Review Index


By R.R. RYAN (Ramble House; 1938/2013)

R.R. Ryan is a forgotten master of the macabre. The author of several British publications that appeared in the 1930s and 40s (precious few copies of which survive), Ryan only truly rose to prominence in the 1980s, with the appearance of Karl Edward Wagner’s contributions to the Twilight Zone Magazine’s fabled “Fantasy Five-Foot Bookshelf.” In his listings Wagner singled out three of Ryan’s books, ECHO OF A CURSE, FREAK MUSEUM and the present novel--which took another three decades to see print, courtesy of the ever-eclectic Ramble House.

     Since the appearance of Wagner’s write-up much ink has been spilled by Ramsey Campbell and others about the true identity of R.R. Ryan, a mystery John Pelan, in his introduction to the present book, claims to have solved. According to Pelan “R.R. Ryan” was actually Denice Jeanette Bradley-Ryan, the daughter of a successful playwright. THE SUBJUGATED BEAST is said to be Ryan’s most overtly sadistic novel, and seeing as how Ryan is (in Pelan’s words) the “Godmother of Splatterpunk,” that claim is not to be taken lightly.

     It’s about Curl, a young woman who as a condition of her inheritance is obliged to live with her mad scientist uncle Paul. The other major catalyst for Curl’s move into her uncle’s house is the sudden death of her mother, which occurs, curiously enough, a week after Uncle Paul shows up at their house for a visit.

     That’s the set-up for a story that starts out slowly but steadily gains in malevolent intensity, as Curl comes to suspect that her weird uncle is up to no good. Her suspicions are triggered by the condition of Uncle Paul’s residences, including the appropriately named Castle Grim and an even more forbidding abode in Wales (which comes complete with a cat named Satan) where Paul winds up together with Curl and her Aunt Beatrice.

     As for the latter, she exhibits a disturbing aloofness that seems bequeathed by Uncle Paul. It seems he has an interest in abnormal psychology, and is using Beatrice as a guinea pig in some unholy psychic experiment.
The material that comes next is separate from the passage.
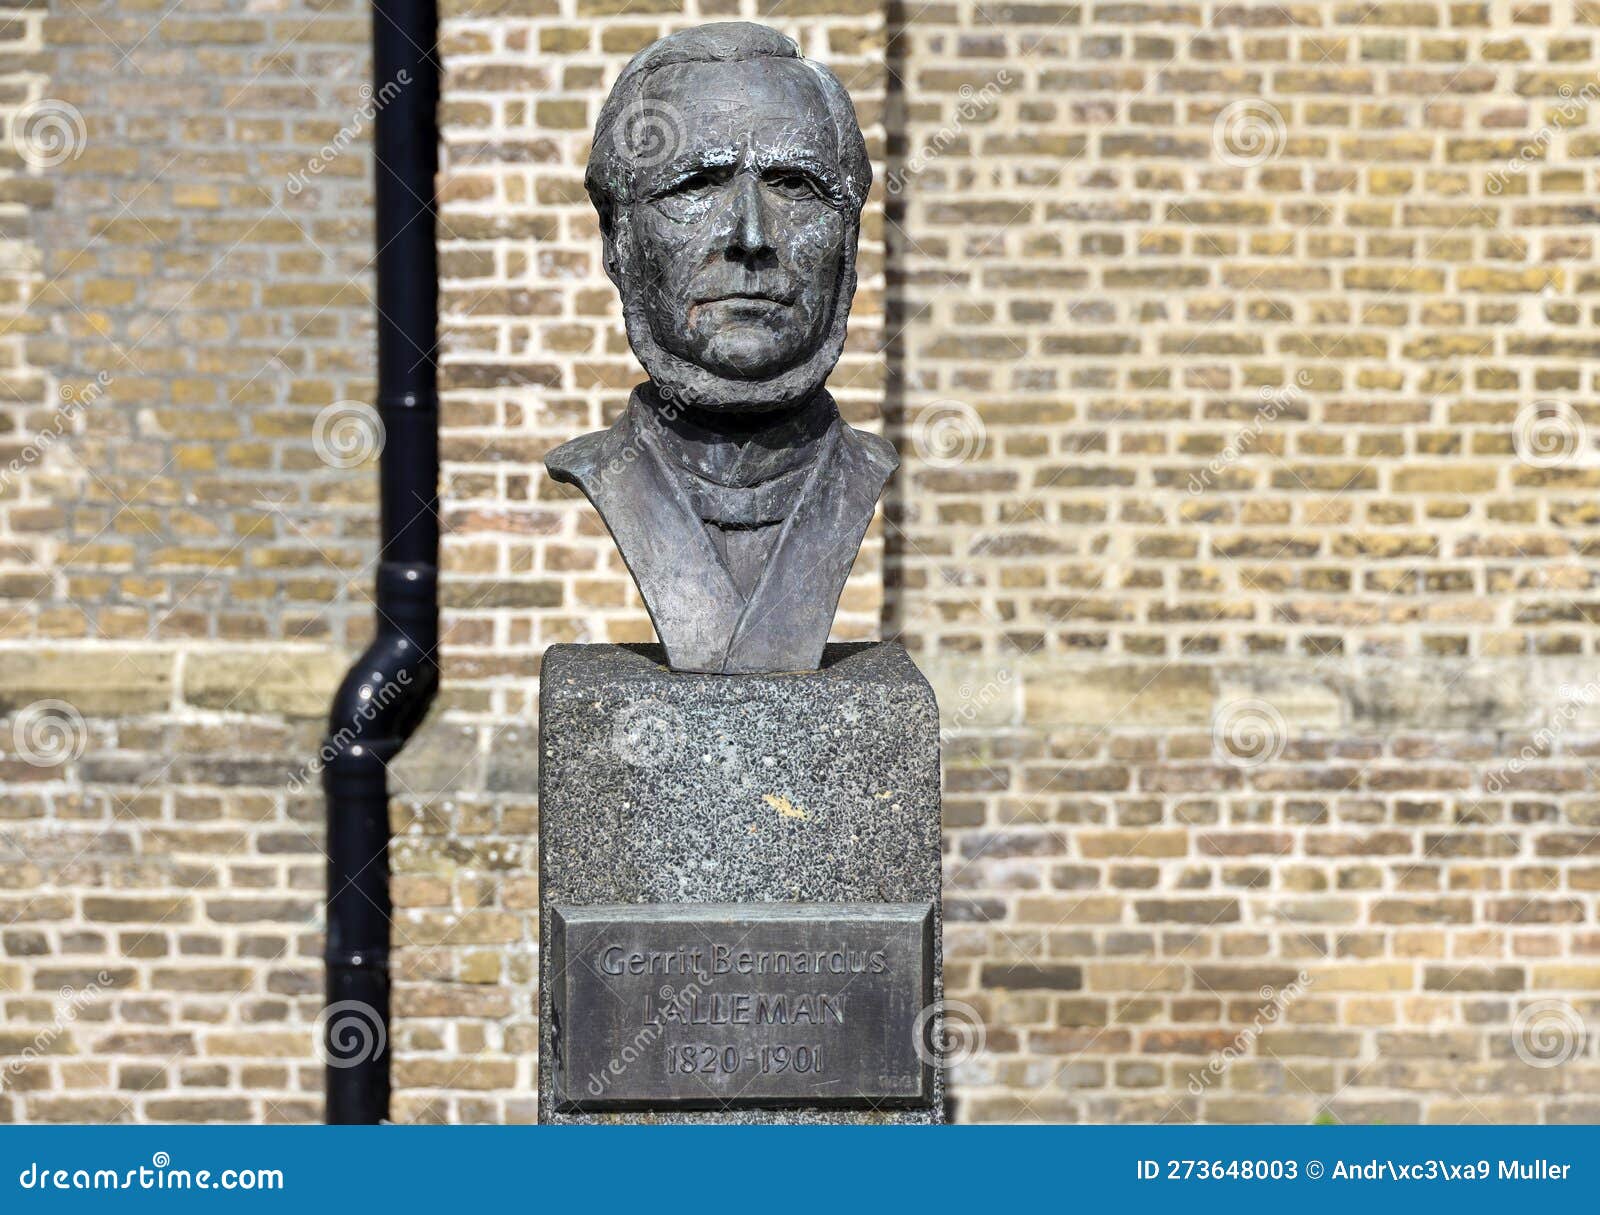 Statue of Meester Gerrit Bernardus Lalleman in Moordrecht in Honor of ...

Curl obviously isn’t happy in this atmosphere, but figures she can leave any time and is only staying to “protect” her aunt. But then one day Curl awakens to find her legs completely paralyzed, and so becomes a literal prisoner to her uncle’s sadistic whims--or more accurately those of her aunt, who under Paul’s demented tutelage appears to be developing into a much uglier version of herself. As Curl concludes, her uncle “held aunt’s mind under a thrall as a snake a rabbit, as a spider his fly.”

     The above-quoted splatterpunk comparison may be a bit of a stretch, but there’s no denying the harsh, sadistic charge of this book. The buildup of suspense is expertly handled, and culminates in a stunningly bloody climax. The specter of the supernatural is breached throughout, but (as the final pages make clear) the true demons haunting this tale are those of sadism and insanity. Only a nauseatingly out-of-place happy ending mars the effect.